Skip to content

Overview

DataverseFS exposes the files of a single Dataverse dataset version as an fsspec filesystem. Once you have an instance, you can browse, read, write, and delete files using the standard fsspec interface (ls, info, open, cat, rm, find, glob, …) plus a few Dataverse-specific helpers for tabular data.

It is the same machinery that powers the high-level Dataset file operations — dataset.open(...), dataset.files, dataset.upload_file(...) all delegate to a DataverseFS under the hood — but you can also use it directly whenever you want a filesystem-style view of a dataset.

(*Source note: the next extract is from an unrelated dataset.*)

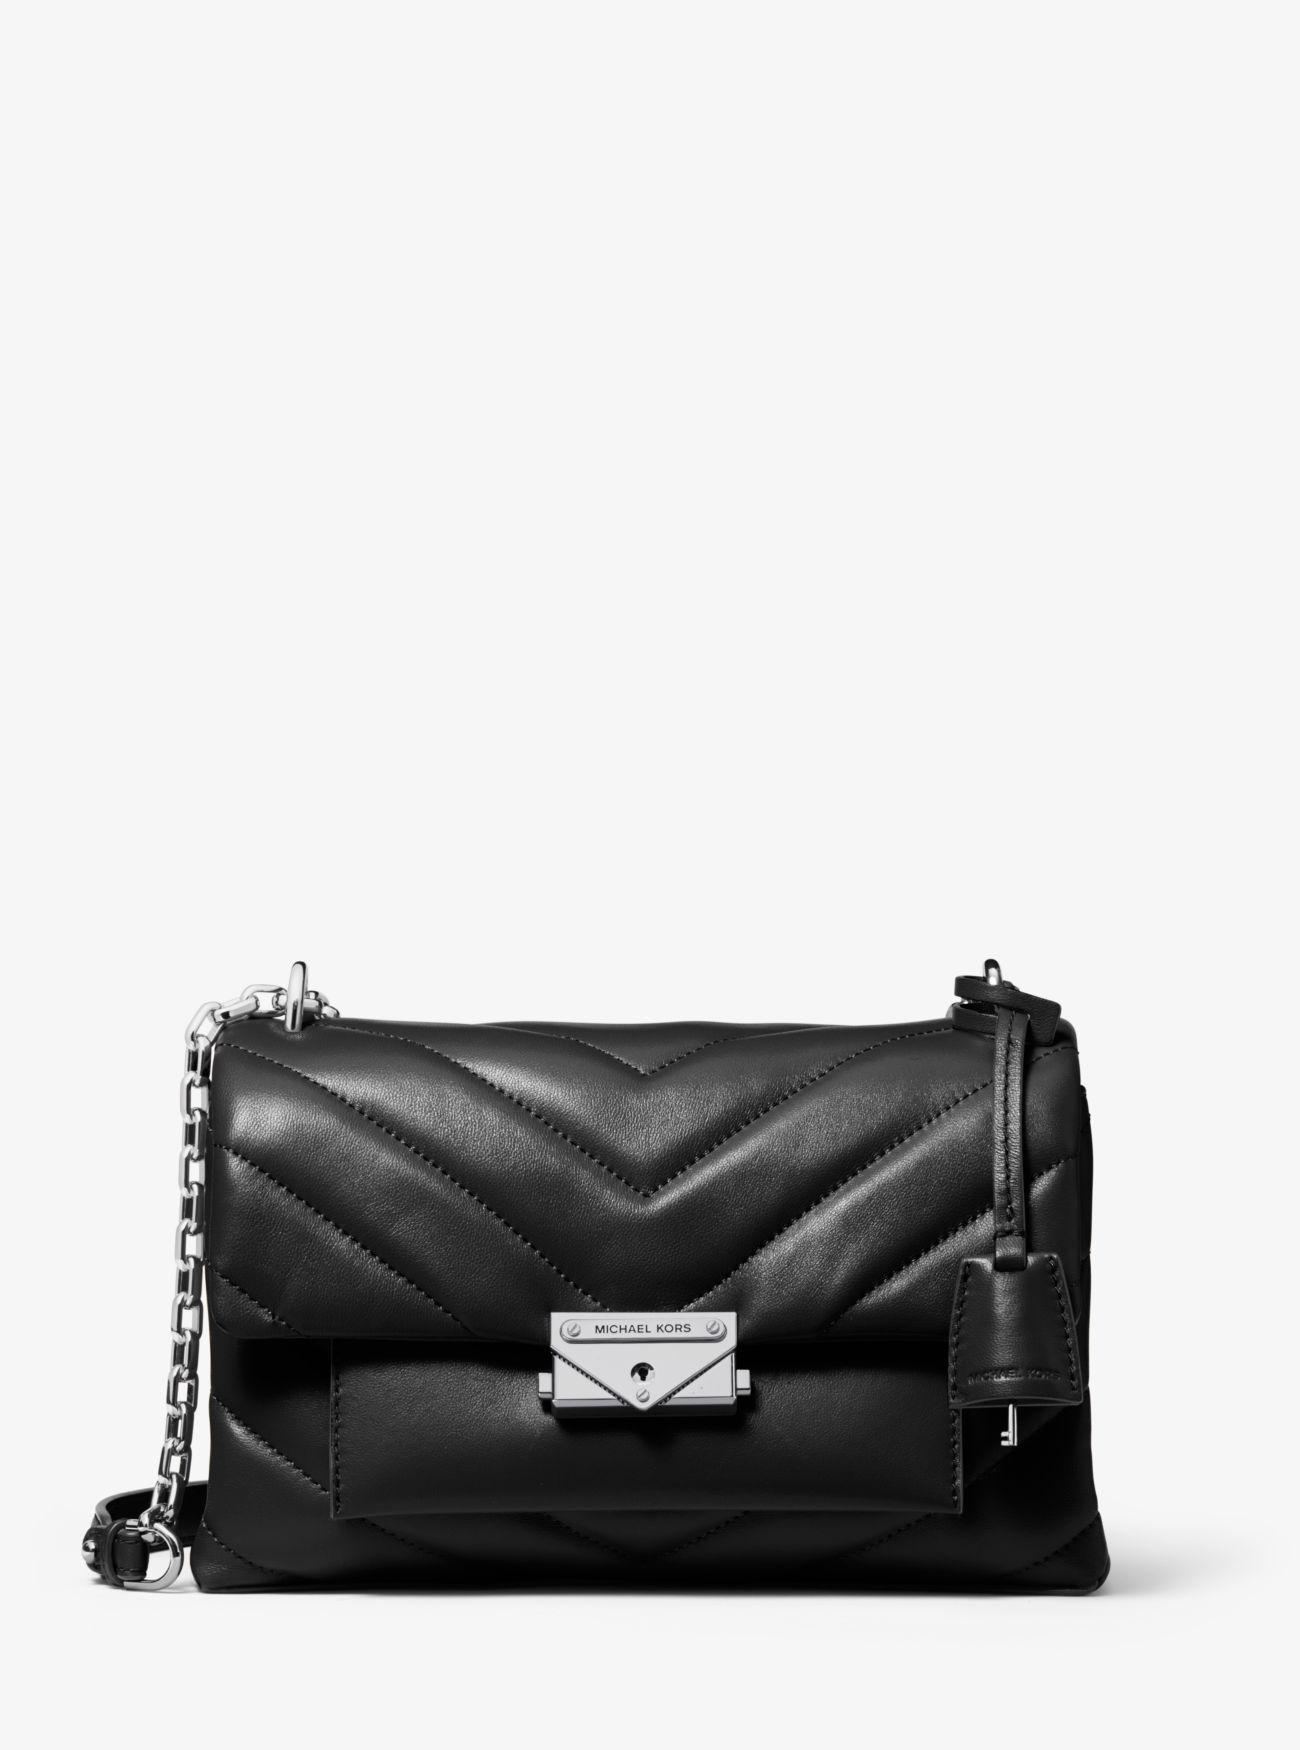 Michael Kors Cece Medium Quilted Leather Shoulder Bag in Black - Save 7 ...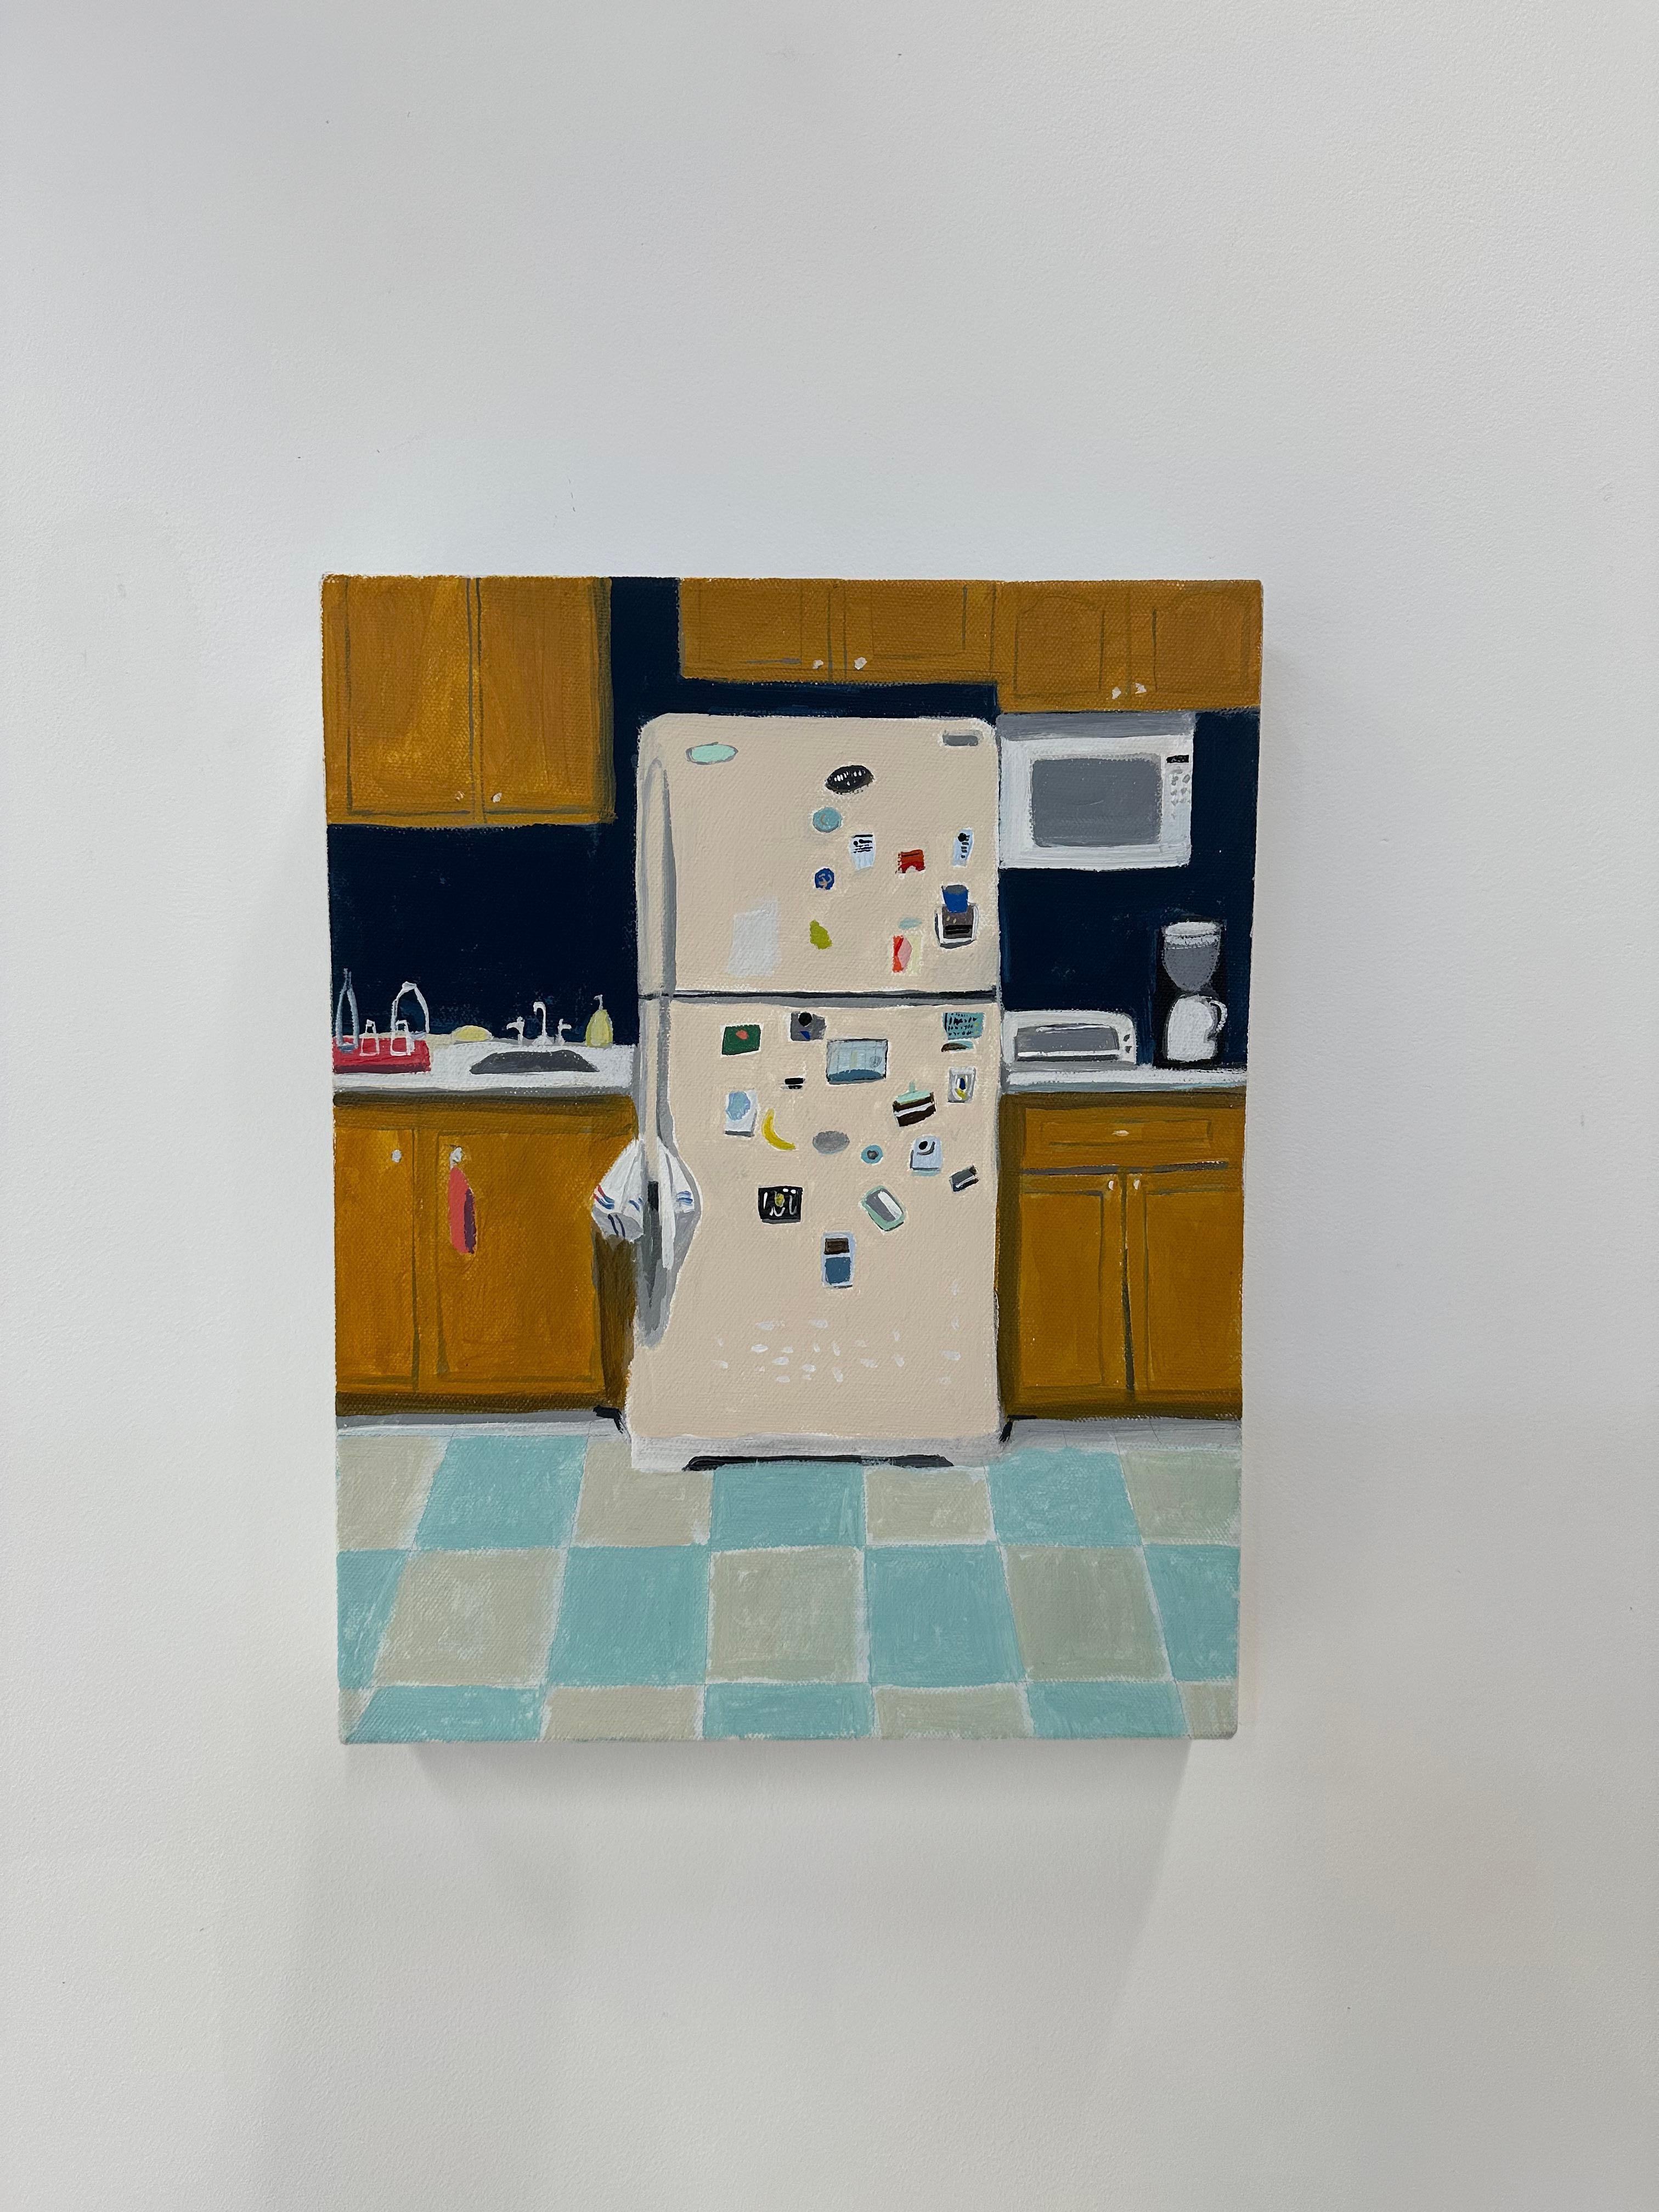 Pfirsichfarbener Reflektor, Kücheninterieur, gelbe Holzschränke, Kachelboden – Painting von Polly Shindler

Treating a dataset as a filesystem unlocks two things that are otherwise awkward with a plain REST client:

  • Streaming, not buffering. Reads are served by HTTP Range requests, so seeking or reading a slice never downloads the whole file. Writes are streamed to Dataverse in bounded chunks, so uploading a large file never holds it all in memory.
  • The fsspec ecosystem. Importing pyDataverse registers a dataverse:// URL protocol with fsspec. Any fsspec-aware library — pandas, Dask, Polars, PyArrow, Zarr — can then read a dataset file directly from a URL, with no glue code. This is what makes pd.read_csv("dataverse://...") work.
from pyDataverse.filesystem import DataverseFS
fs = DataverseFS(
base_url="https://demo.dataverse.org",
identifier="doi:10.5072/FK2/ABCDEF",
)
fs.ls("/") # list files
with fs.open("data/notes.txt", "r") as f: # stream a file
print(f.read())